Déontologie

L’enseignant et... l’enseigné

Si chaque individu pouvait être juste envers lui-même et envers les autres, le monde se porterait sans doute mieux...

Chaque individu peut choisir son chemin, et les valeurs humaines universelles (La Règle d’Or) peuvent l’aider à devenir juste et bon.

Ces valeurs humaines universelles se rencontrent aussi dans les véritables traditions ancestrales fondamentales (Bouddhisme, Christianisme, Taoïsme, etc.).

Si la pratique du Tai Chi Chuan peut être une voie, elle ne doit pas forcément et obligatoirement suivre la voie du Taoïsme.

L’éclairage des valeurs humaines universelles suffit à sa pratique.

La voie du Tao, comme les autres voies,  ne tient pas compte des intérêts égocentriques des pratiquants.

C’est un chemin simple, émaillé d'acceptation et transformation de soi.

Dans le silence, dans l’humilité, dans l’écoute profonde de soi.

La pratique du Tai Chi Chuan ne fait pas exception aux travers rencontrés dans la plupart des activités humaines, où les attitudes des êtres humains ont une tendance trop souvent motivée par leurs vues étriquées, par leurs intérêts ou /et par leur inertie égocentriques.

L’enseignant se doit de suivre les règles de conduite propres à l’exercice de ses responsabilités d’enseignant (honnêteté, probité, rectitude, droiture, intégrité, transparence, équité, respect des personnes, poser correctement les limites, etc.).

Soyons circonspect vis-à-vis de personnes qui se prétendent ou se présentent comme "experts" !
Un expert doit d’abord être une personne à l’écoute de l’autre, notamment par son humilité et par son ouverture de cœur et pas uniquement par l’accumulation de son savoir.

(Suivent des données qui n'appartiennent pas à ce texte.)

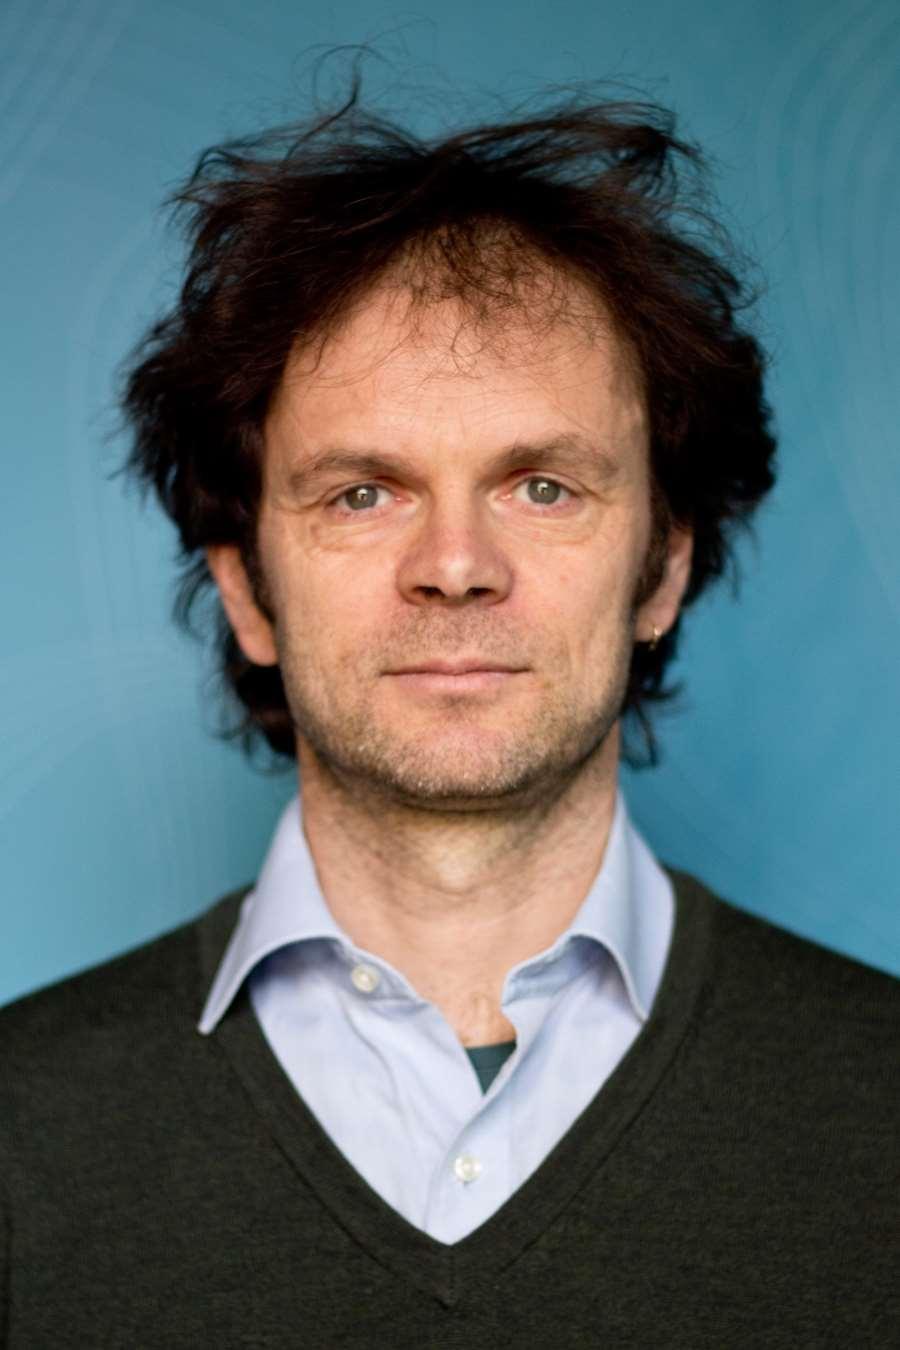 Nansen Memorial Lecture by Håvard Hegre

Il doit pouvoir (ré)-agir en sachant le cas échéant se mettre de côté, dans l’intérêt de celui ou de celle qui l’aborde.

Un expert, ou un maître - dans le sens noble du mot - transmet ses enseignements par la tradition profonde, par ses expériences.

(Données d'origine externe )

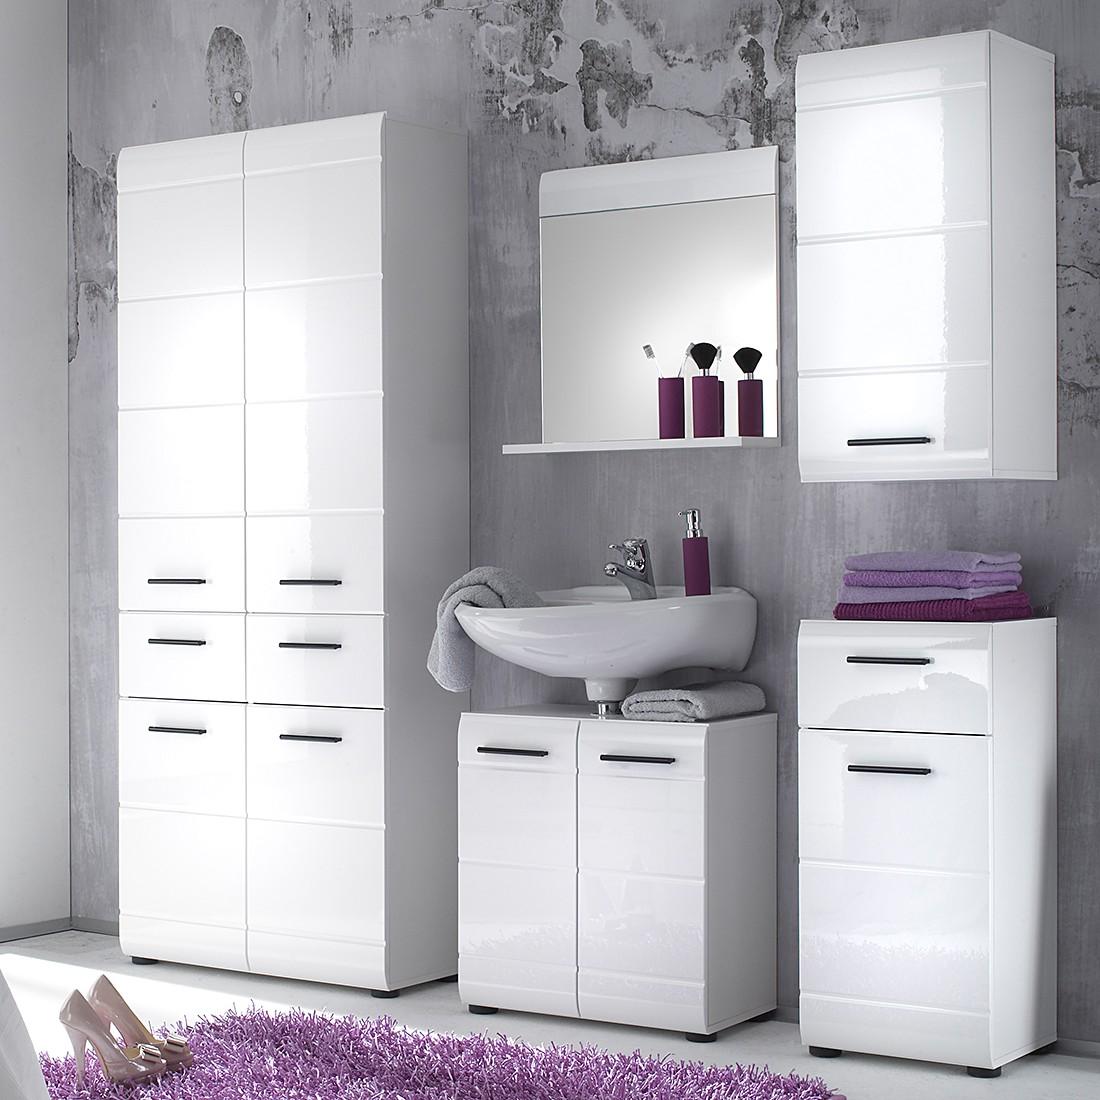 badschrank wei free beautiful full size of badschrank wei. Black Bedroom Furniture Sets. Home Design Ideas

Par son charisme, il doit pouvoir transmettre à l’enseigné ce qui permettra à ce dernier de faire évoluer son état de conscience.

De tels enseignements ne peuvent être inventés !

Mais tant que nous ne nous libérons pas de l’idéalisation d’un maître, d’un pseudo-maître ou même d’un professeur, nous suivons aveuglément, plutôt que de faire face à nous-même. En cette attitude, nous n’existons pas.

Faire face à nous-même, c’est se donner la possibilité, au travers de cette ouverture à notre intérieur, de laisser émerger ce qui doit l’être, afin d’apprendre à discerner les valeurs qui passent réellement dans la pratique du Tai Chi, et de s’affranchir de ces idéalisations-illusions qui nous enchaînent. C’est ainsi que l’on découvre la véritable, profonde valeur et signification de l’énergie (Qi).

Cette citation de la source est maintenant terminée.